#### SUPPLIED DATA
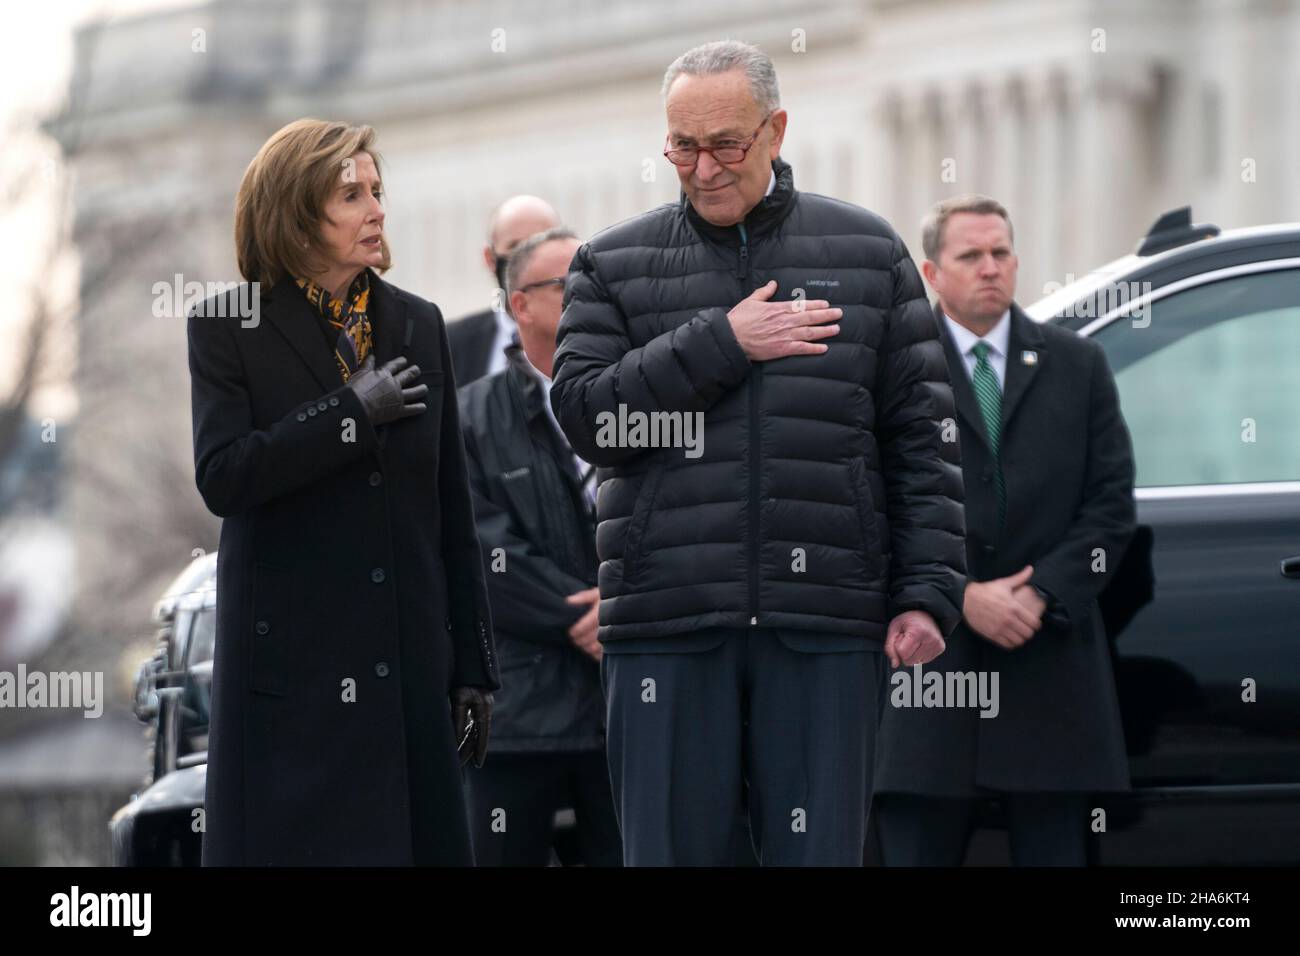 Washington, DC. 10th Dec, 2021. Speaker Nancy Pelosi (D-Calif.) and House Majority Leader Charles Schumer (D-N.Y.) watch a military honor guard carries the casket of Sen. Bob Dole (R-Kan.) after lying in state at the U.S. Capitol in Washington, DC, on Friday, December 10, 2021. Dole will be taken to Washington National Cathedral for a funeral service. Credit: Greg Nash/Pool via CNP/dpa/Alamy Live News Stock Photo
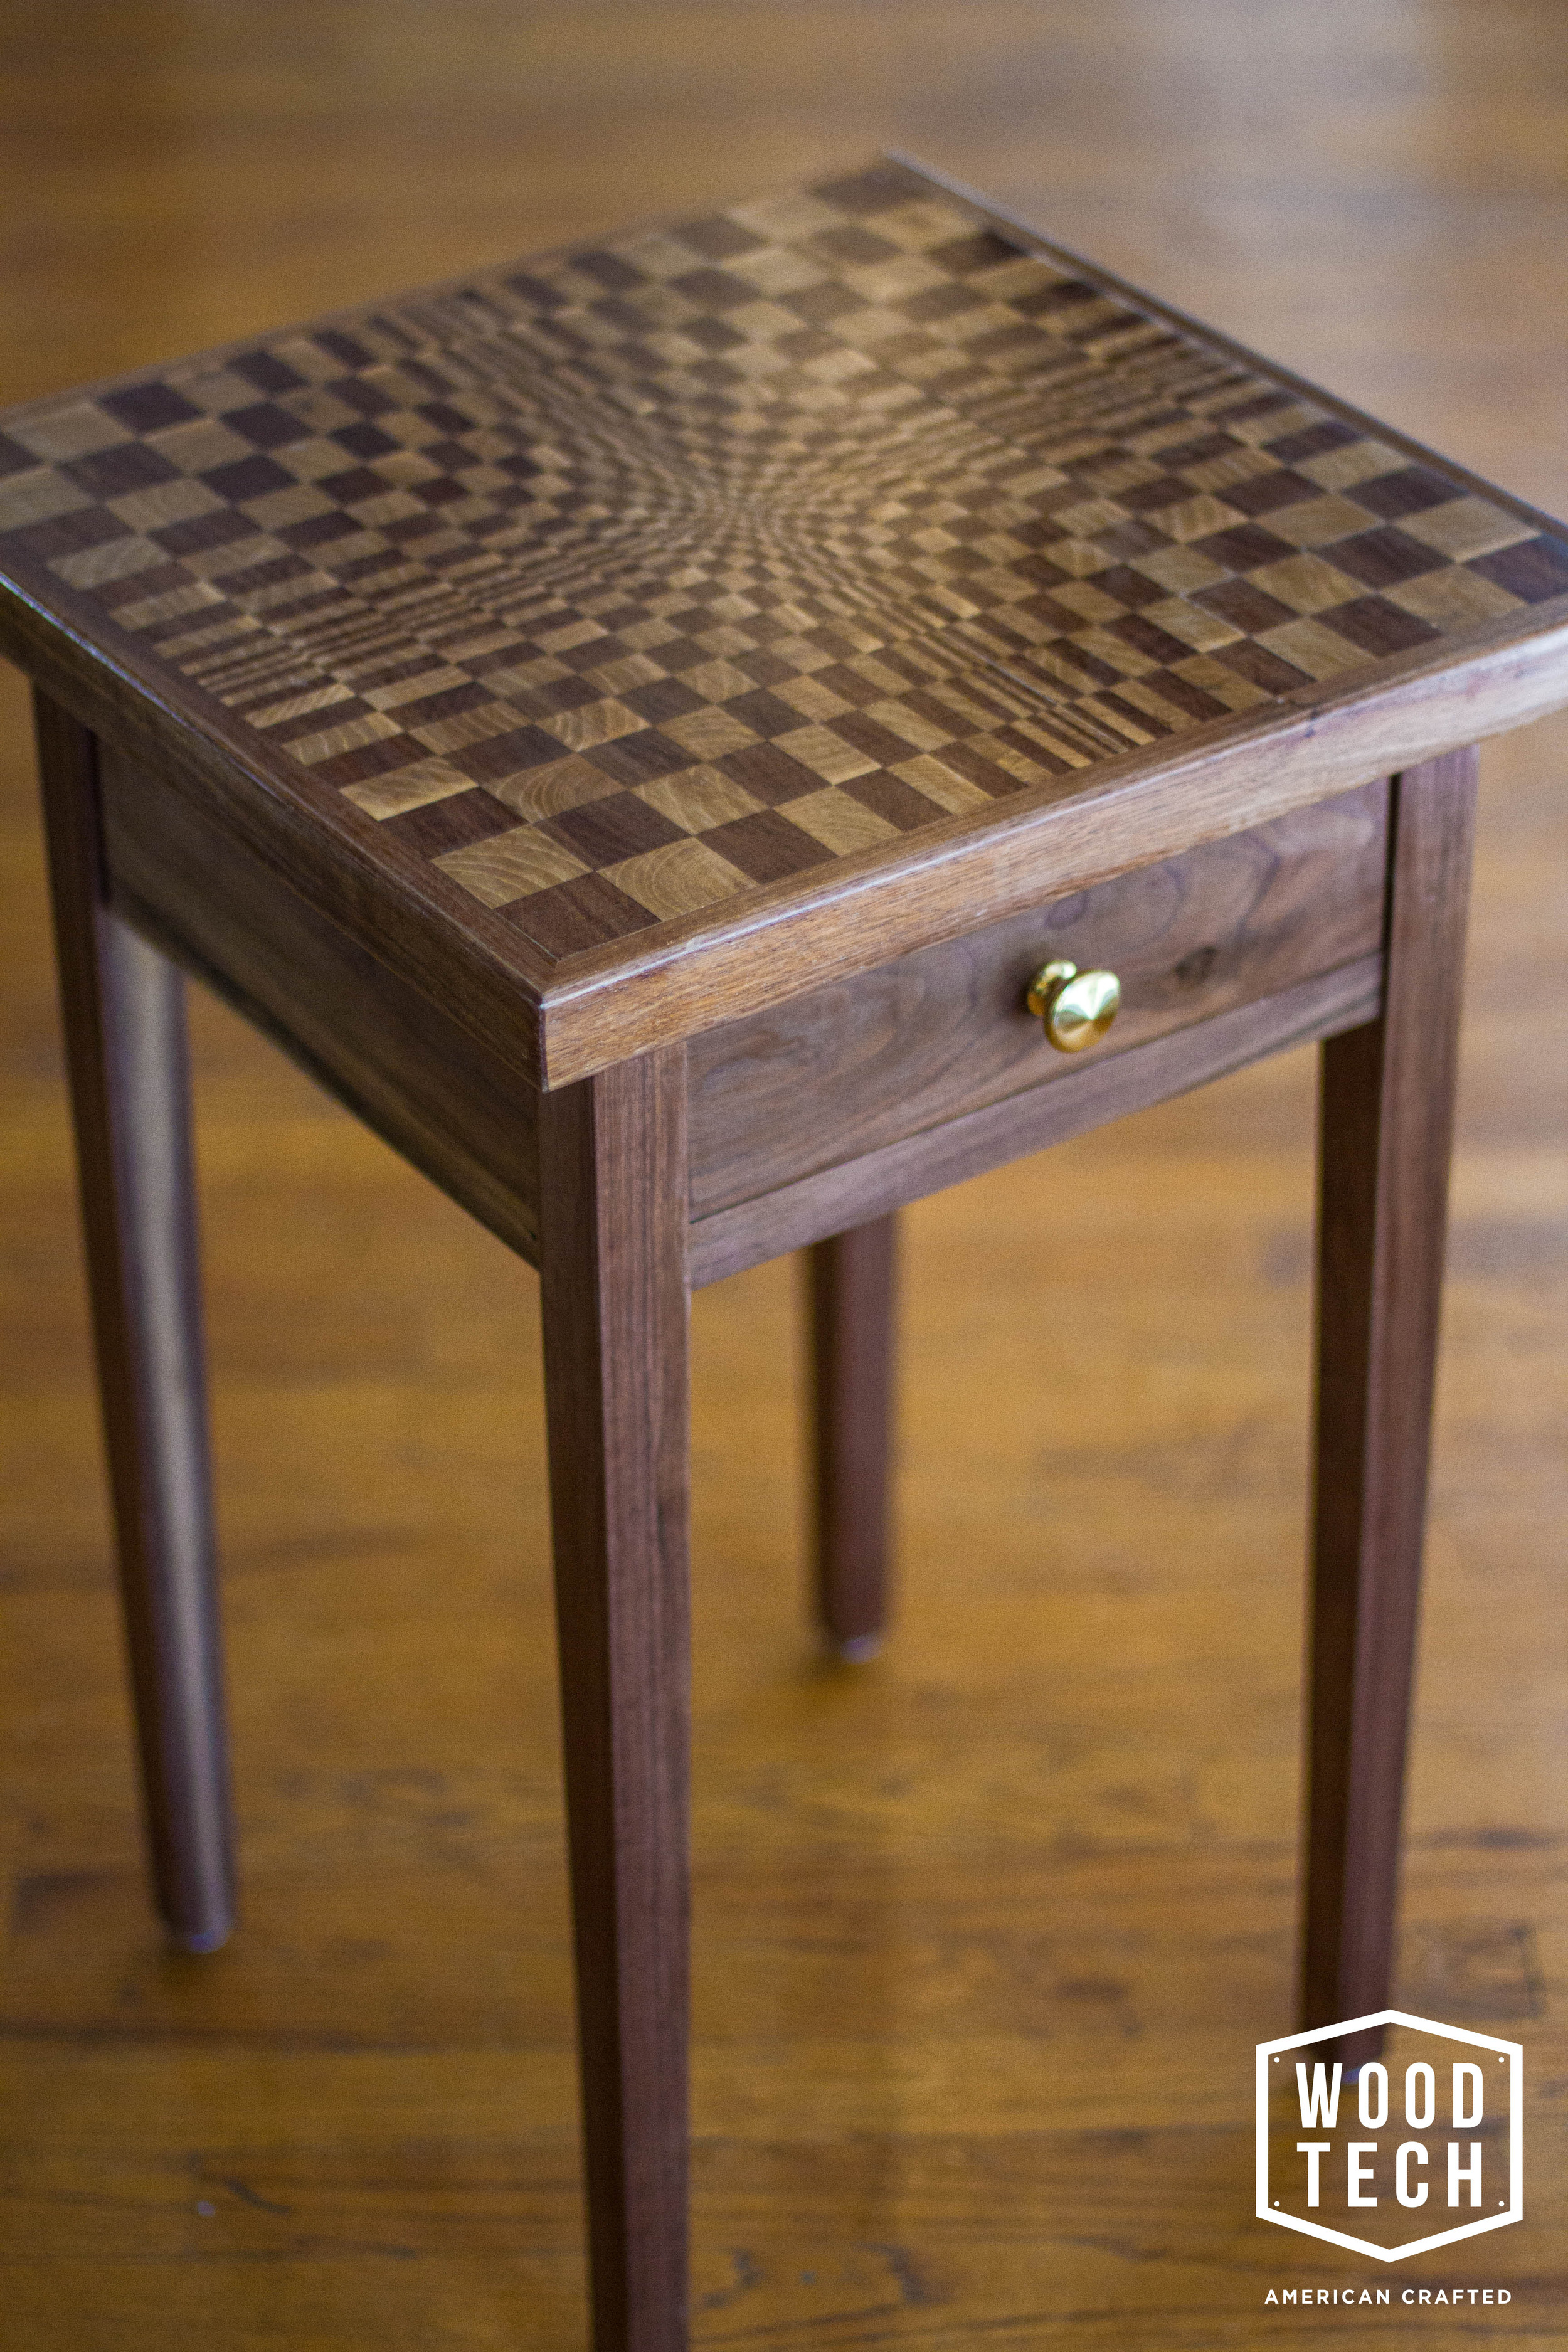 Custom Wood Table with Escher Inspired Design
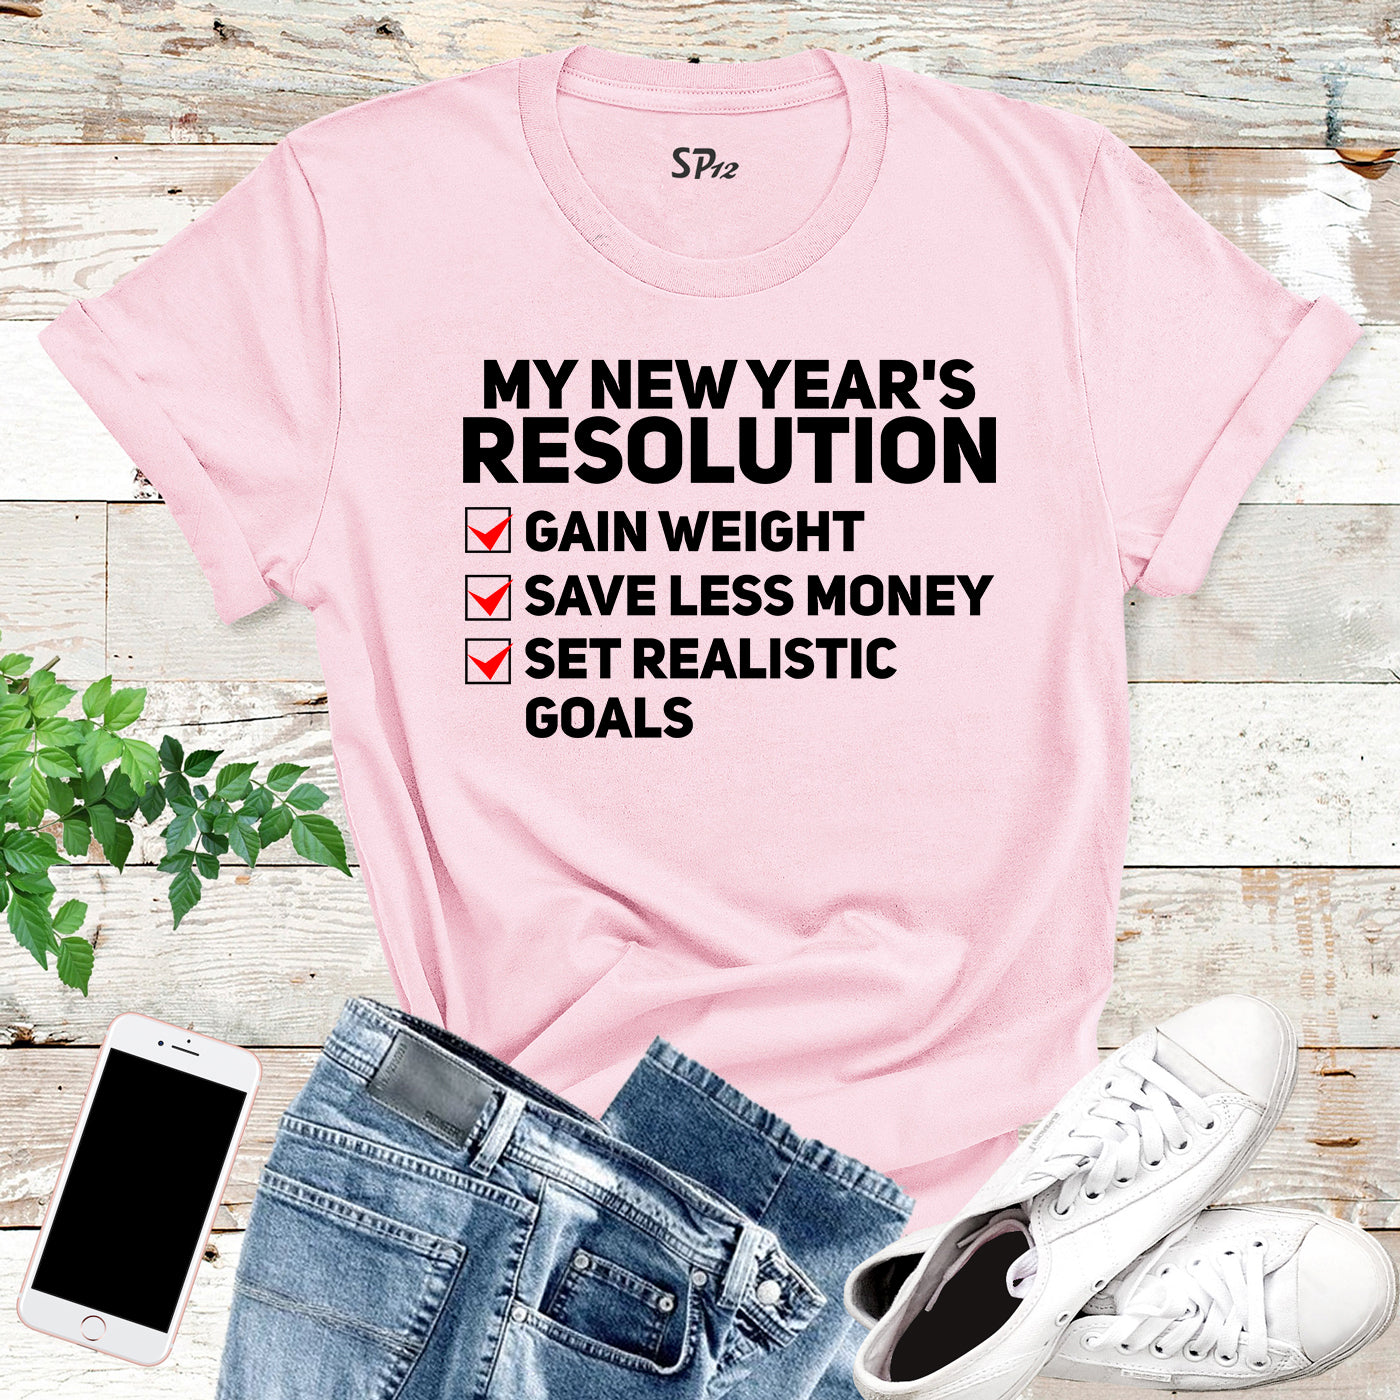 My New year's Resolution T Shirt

#### WHAT YOU NEED TO DO
This task calls for restating, word for word, each line from the line holding "Custom Wood Table" through the end of the material, pictures left out.

#### TASK SOLUTION
 Custom Wood Table with Escher Inspired Design
 My New year's Resolution T Shirt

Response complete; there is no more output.